Unlike collectivists, individualists make much less of a distinction between in-groups and out-groups. A clear distinction, that individualism shows from collectivism, comes from the active encouragement individualist cultures place upon individuals straying from the current social norms.

=== Criticism ===

Some authors have pointed out that parasite stress is a misleading term because the described phenomenon includes viruses. A virus does not fit the definition of a parasite because a parasite is defined as an organism, and a virus is not an organism. Some authors use the name pathogen-stress theory instead.

Several scientists have criticized the theory that pathogen stress can explain differences in collectivism versus individualism, suggesting that the observed correlations were spurious.
Anthropologist Daniel Hruschka and human biologist Joseph Henrich have proposed an alternative explanation of the observed cultural differences. In colonial times, European colonizers established efficient social institutions in countries with low mortality. In places where mortality was high due to infectious diseases, they set up extractive systems with less settling of Europeans. The more-efficient government institutions inherited from colonial times in low mortality countries can explain the observed differences in cultural values.
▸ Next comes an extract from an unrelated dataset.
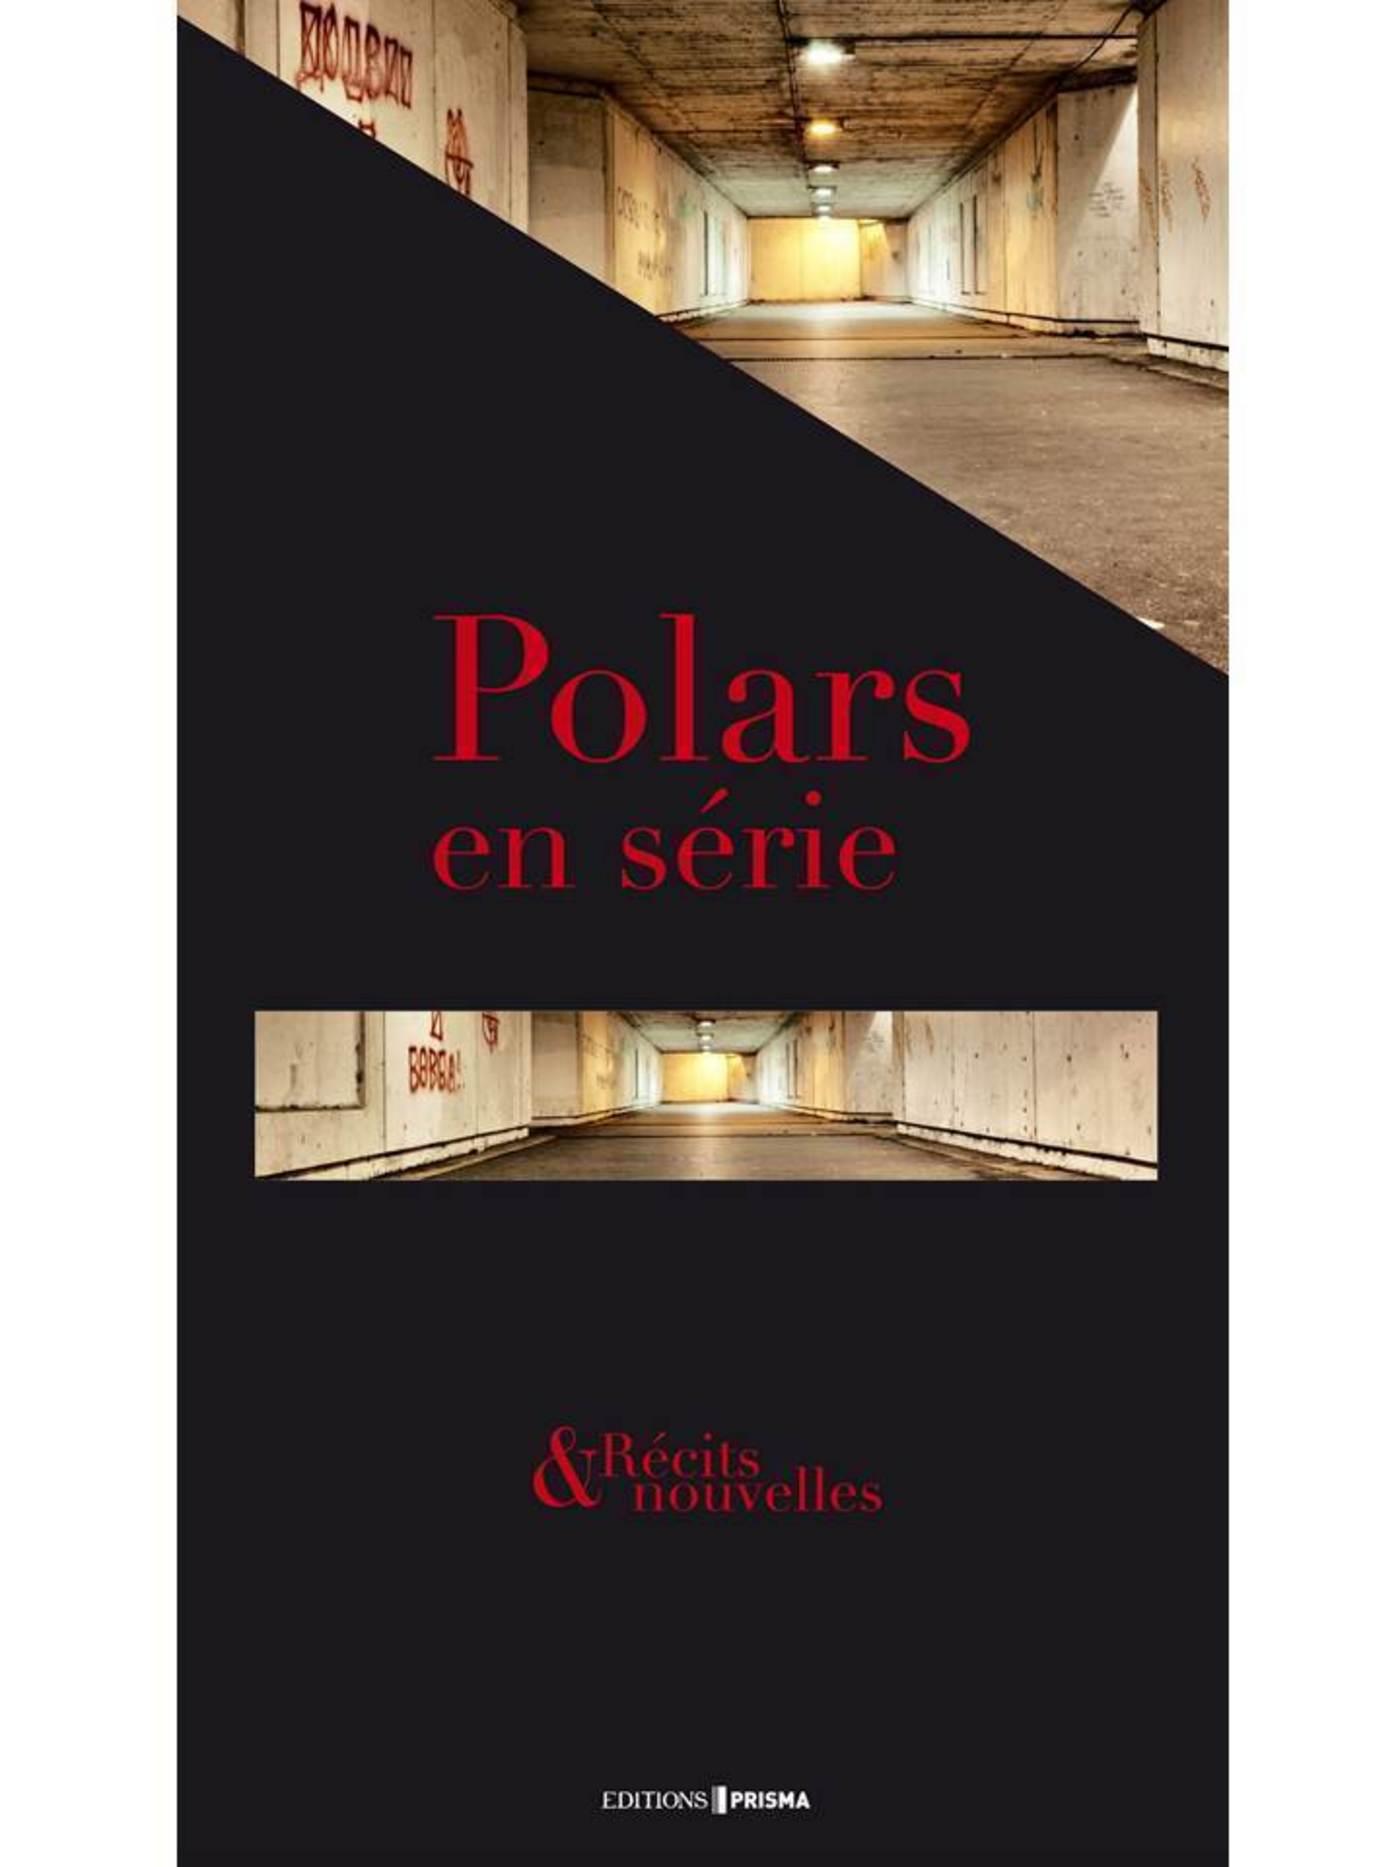 Polar en série
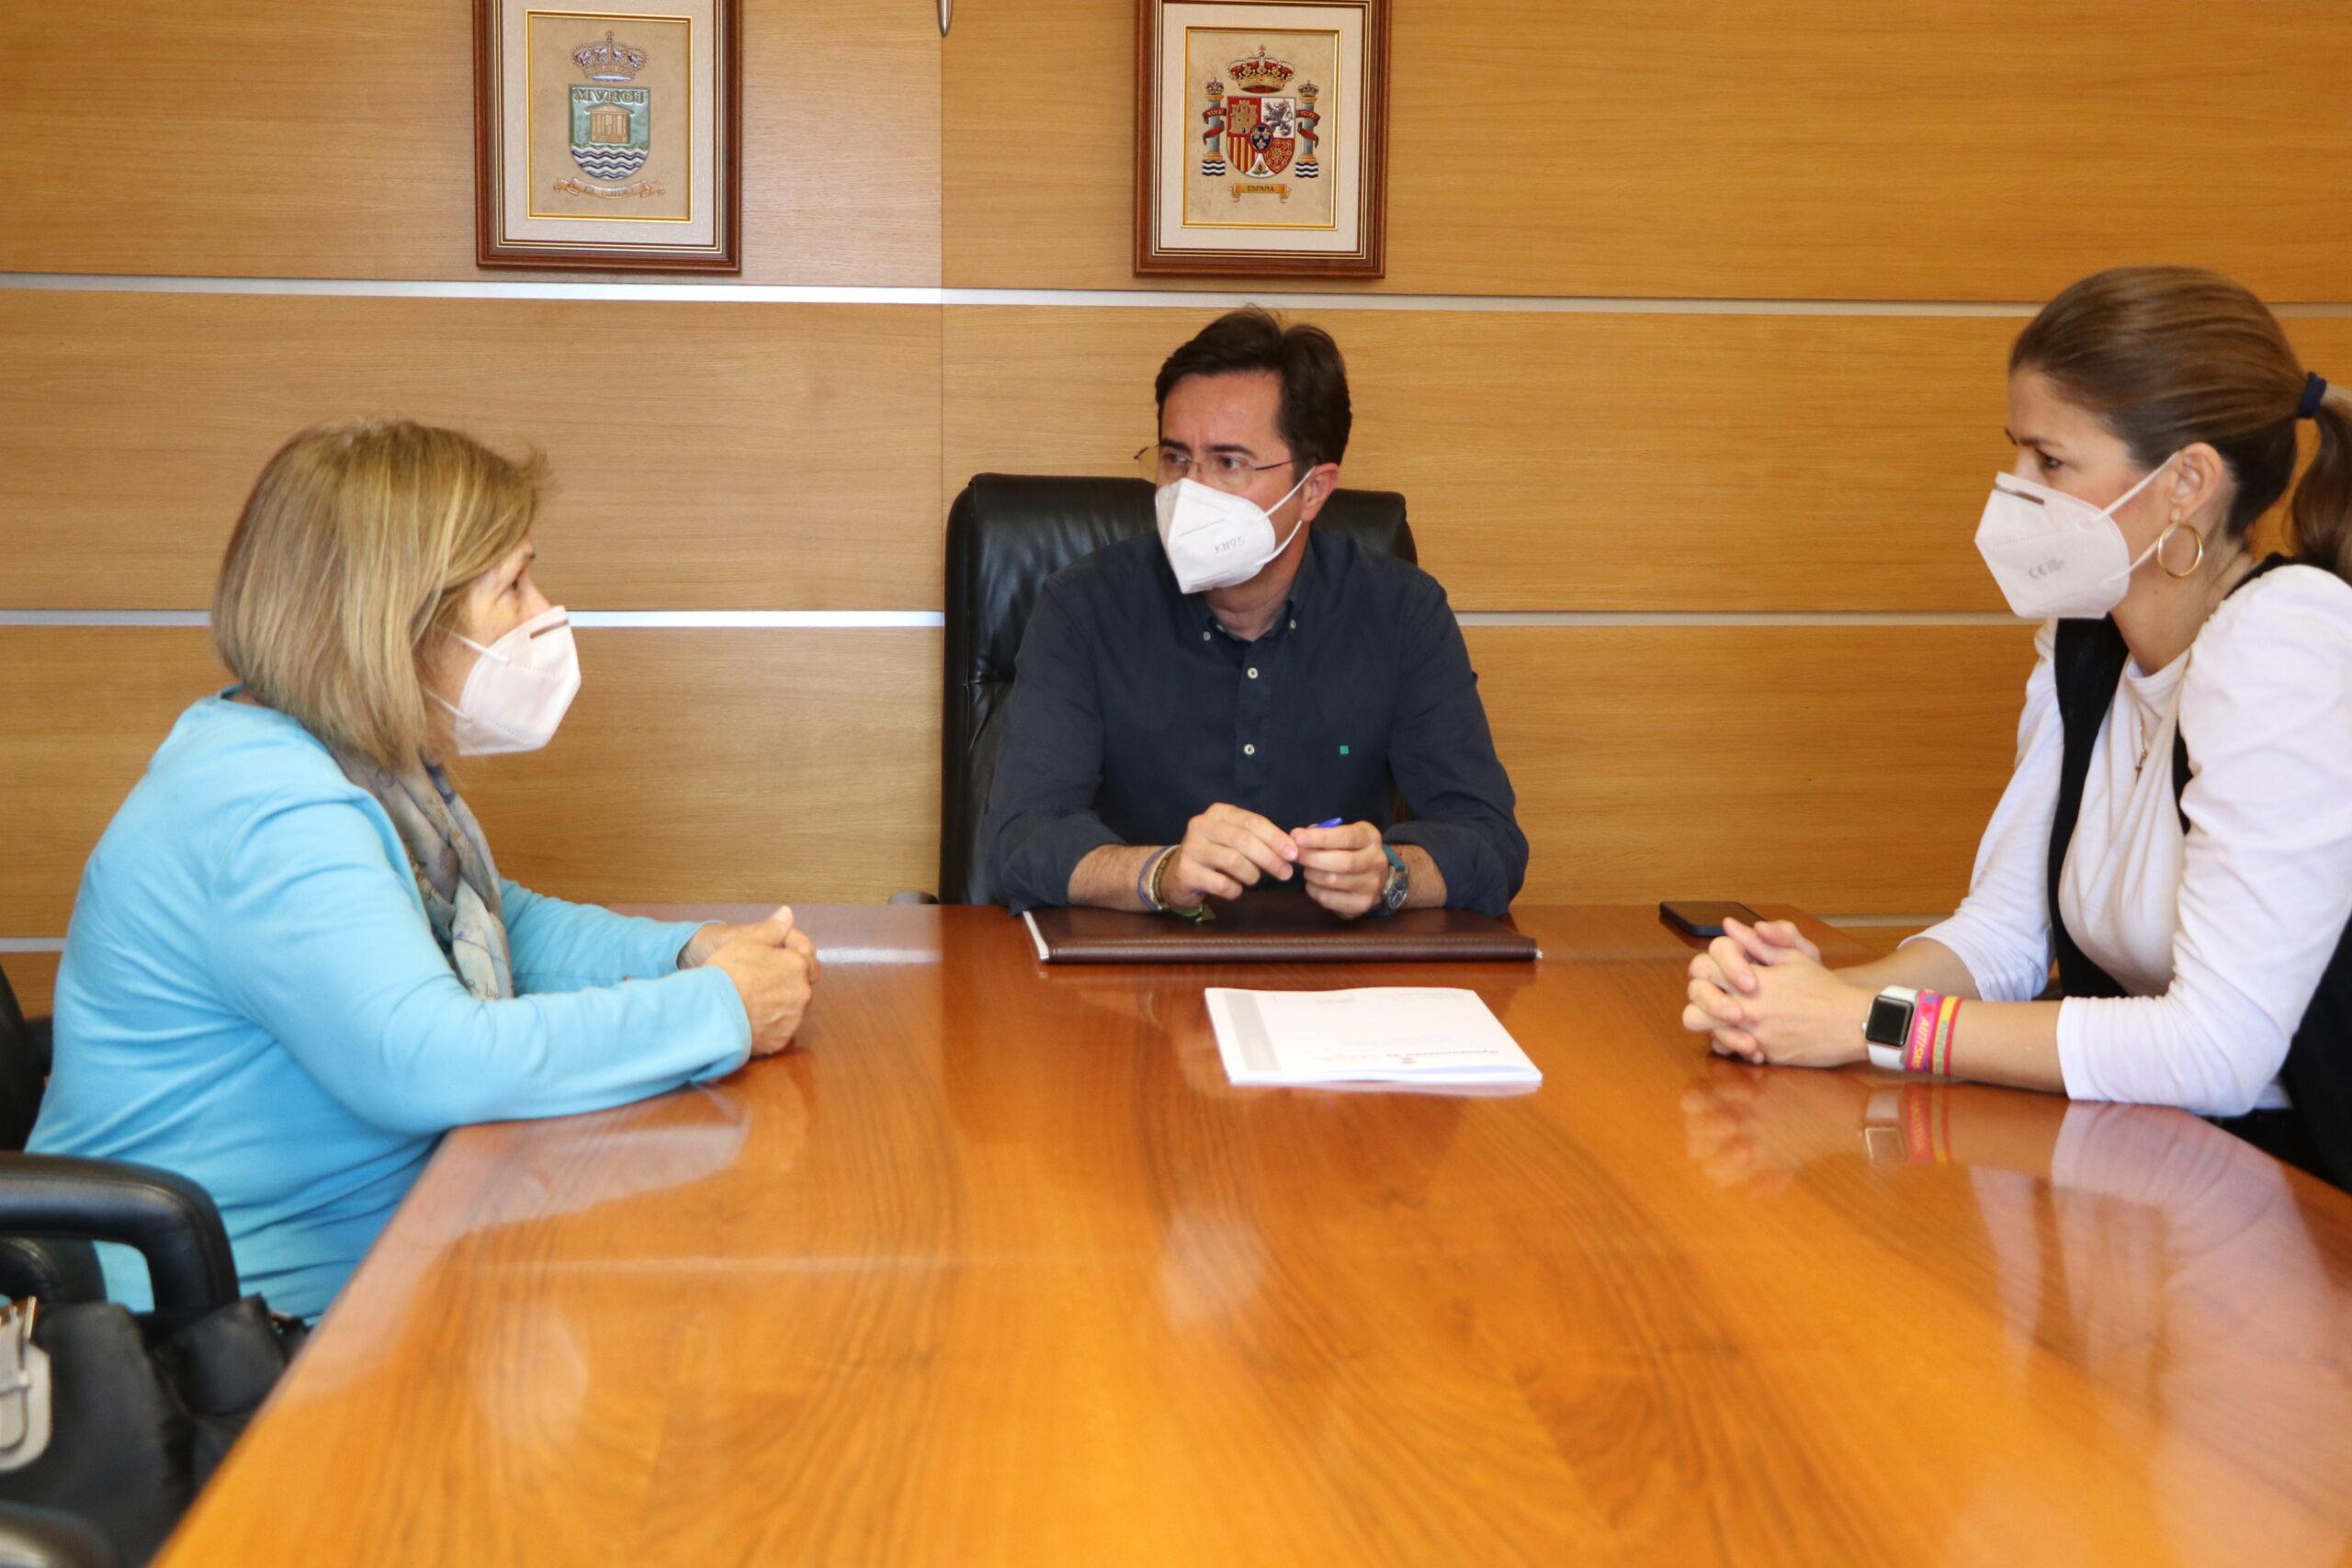 El Ayuntamiento firma dos convenios de colaboración con ASPERGER Almería para asesoramiento psicológico y jurídico y apoyo de comunicación

=== Parasite influence on food preference across cultures ===

This difference in culture due to pathogen avoidance has also been seen in the contrast of food preferences between cultures. Research investigated the possibility that individuals will have a preference for spices in their cooking to defend against food-borne human parasites. This was tested through measuring the types and numbers of spices used in recipes across various regions across the world – it was found that temperature was a good predictor of the use of anti-pathogen spices. This finding makes sense when considering that temperature is a breeding ground for parasites.